SAMPANG | JATIMSATUNEWS.COM: Saat pagi baru menyentuh Alun-alun Trunojoyo, ribuan langkah perempuan berseragam putih bersatu dalam harmoni gerak dan tujuan. Sabtu, 14 Juni 2025, jantung kota Sampang berdenyut berbeda: bukan oleh keramaian pasar atau bising kendaraan, tapi oleh semangat pengabdian para bidan yang tak pernah padam.
Peringatan Hari Ulang Tahun Ikatan Bidan Indonesia (IBI) ke-74 bukan sekadar seremoni.

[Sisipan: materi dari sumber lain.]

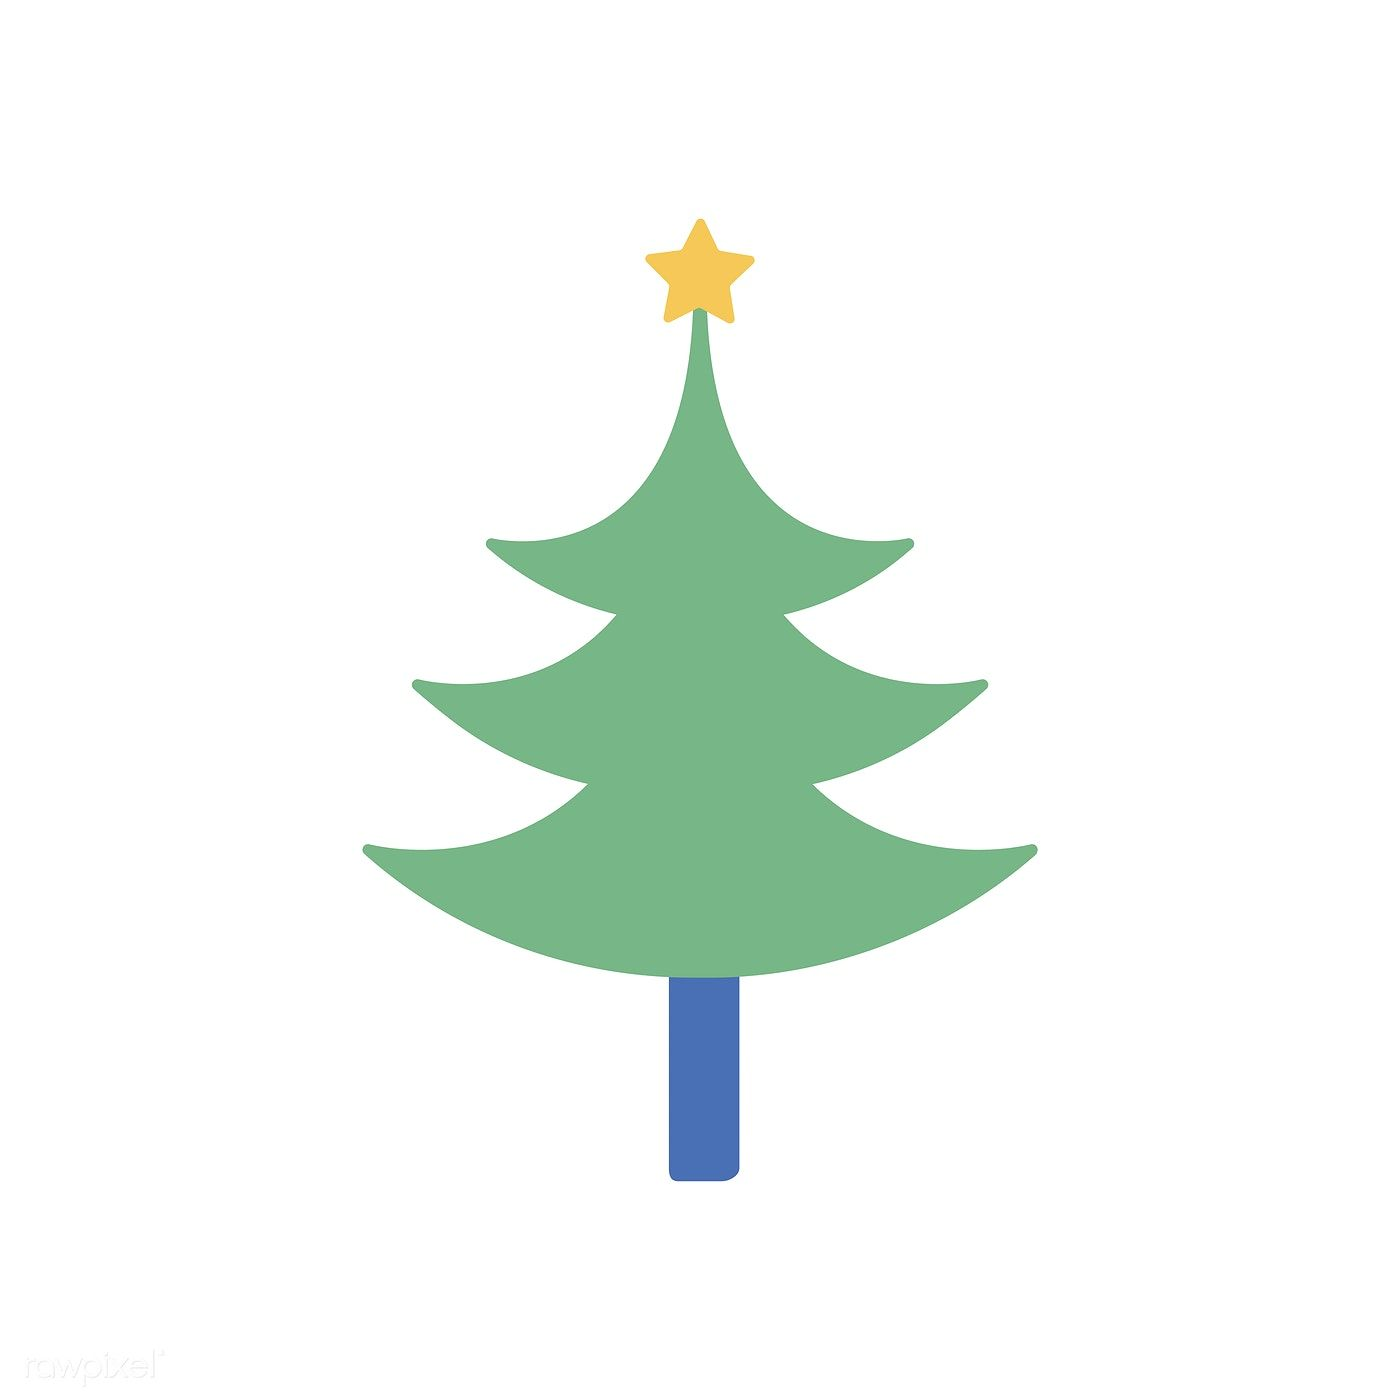 Illustration Of Christmas Tree Icon Free Image By Rawpixel Com Tree Icon Christmas Tree Clipart Christmas Tree

Ia menjelma menjadi pernyataan kolektif: bahwa profesi bidan bukan hanya tentang menolong persalinan, tetapi menyelamatkan masa depan bangsa lewat sentuhan pertama pada kehidupan.
Ketua IBI Sampang, Siti Aisyah, S.ST., M.Kes, menyampaikan dalam pidatonya bahwa pengabdian bidan bukan cerita satu hari. “Hari ini adalah milik para bidan. Tapi esok, mereka akan kembali ke tempat semula—ke desa, ke klinik, ke puskesmas. Tanpa panggung. Tanpa sorotan. Tapi mereka tetap di sana,” ujarnya, lantang namun bergetar.
Mengusung tema “Peran Strategis Bidan dalam Memenuhi Hak Kesehatan Seksual dan Reproduksi”, ribuan bidan mengikuti senam massal sebagai pembuka rangkaian kegiatan. Namun bukan gerakan yang menjadi inti, melainkan semangat solidaritas yang mereka bawa.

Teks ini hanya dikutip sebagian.